First, let's determine the specific heat capacity of steam and water.
The specific heat capacity of steam (csteam) is approximately 2,080 J/kg·°C.
The specific heat capacity of water (cwater) is approximately 4,186 J/kg·°C.
Now let's calculate the heat lost by the steam during condensation.
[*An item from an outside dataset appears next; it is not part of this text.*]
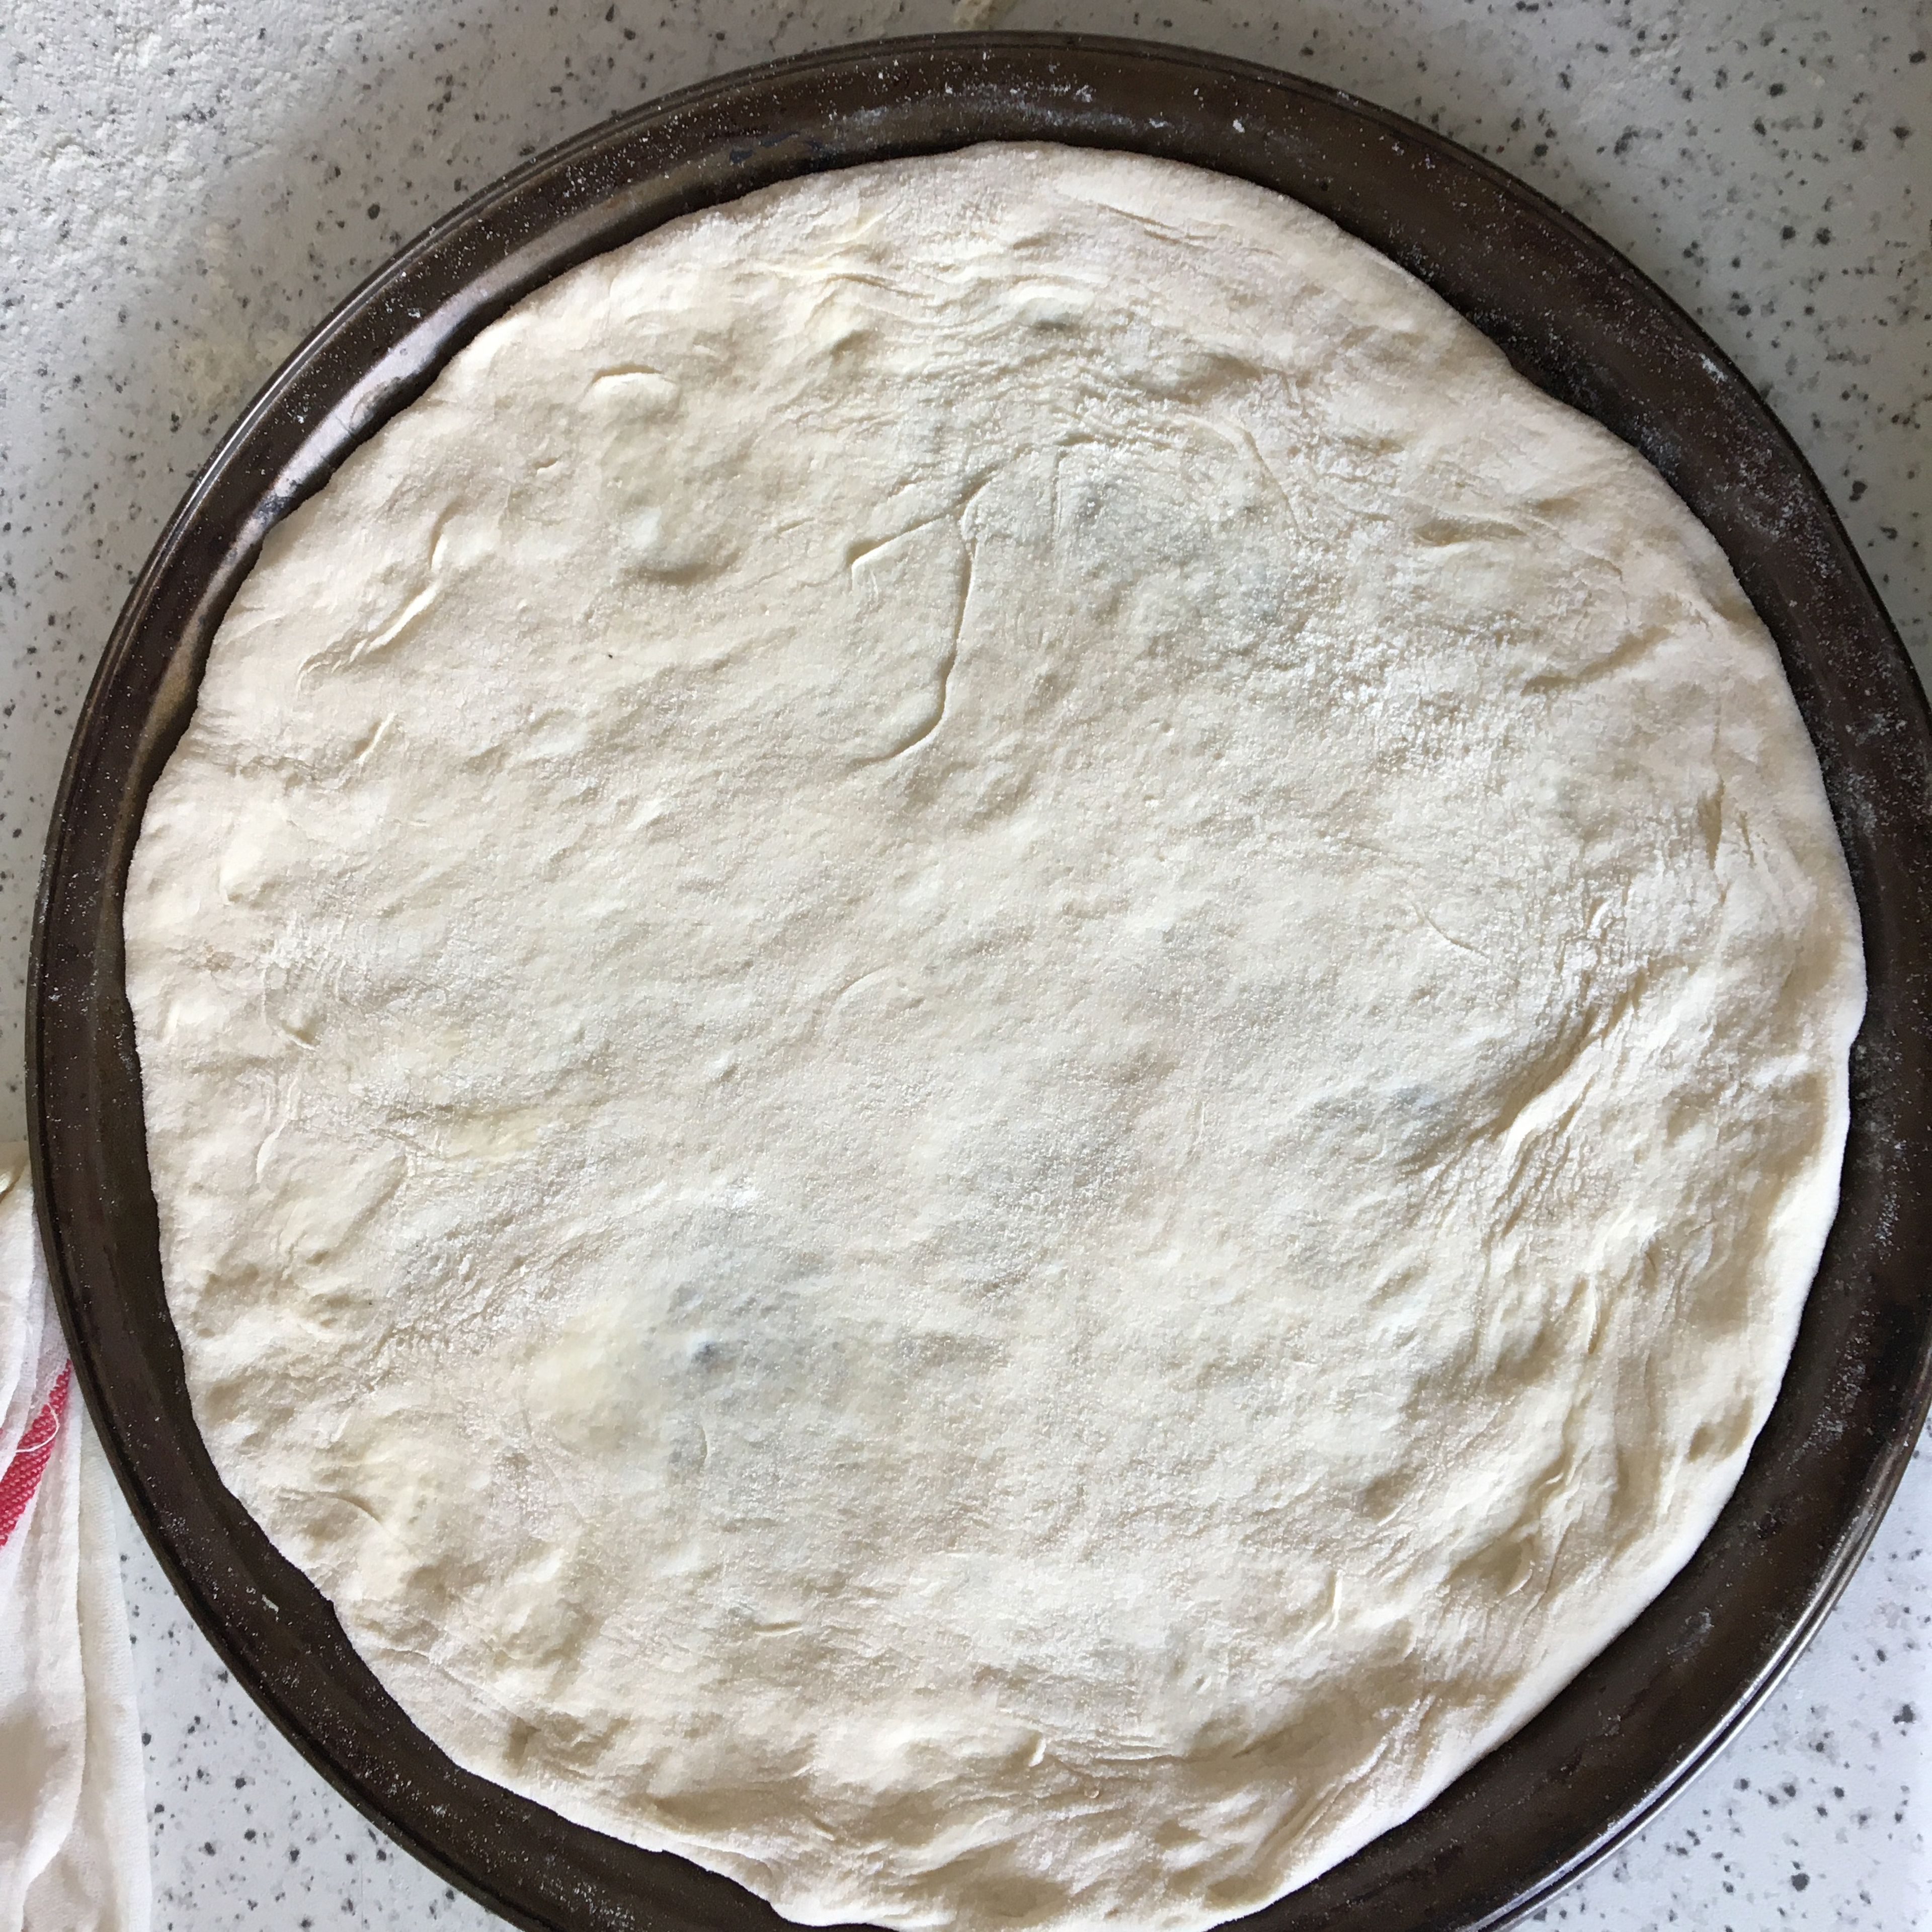 When the dough is ready, lightly grease two baking dishes. Transfer one of dough pieces onto the baking dish, letting it stretch over your hands by its own weight. Adjust into the dish and shape the rounds.

Qlost = msteam * csteam * ΔTsteam
Given:
msteam = 0.552 kg (mass of steam)
csteam = 2,080 J/kg·°C (specific heat capacity of steam)
ΔTsteam = 100 °C (change in temperature of steam, from 100°C to final temperature)
Qlost = 0.552 kg * 2,080 J/kg·°C * 100 °C
Qlost = 114,816 J
Next, let's calculate the heat gained by the water to reach the final temperature.
Qgained = mwater * cwater * ΔTwater
Given:
mwater = 4.35 kg (mass of water)
cwater = 4,186 J/kg·°C (specific heat capacity of water)
ΔTwater = final temperature - 6.0 °C (change in temperature of water, from 6.0°C to final temperature)
Since the system is insulated and no heat is lost to the surroundings,
Qgained = Qlost
Therefore,
mwater * cwater * ΔTwater = Qlost
Let's solve for ΔTwater:
ΔTwater = Qlost / (mwater * cwater)
ΔTwater = 114,816 J / (4.35 kg * 4,186 J/kg·°C)
Calculating ΔTwater,
ΔTwater ≈ 6.1 °C
Finally, we can find the final temperature of the mixture by adding ΔTwater to the initial temperature of the water.
Final temperature = 6.0 °C + ΔTwater
Final temperature ≈ 6.0 °C + 6.1 °C
Final temperature ≈ 12.1 °C
Therefore, the final temperature of the mixture will be approximately 12.1°C.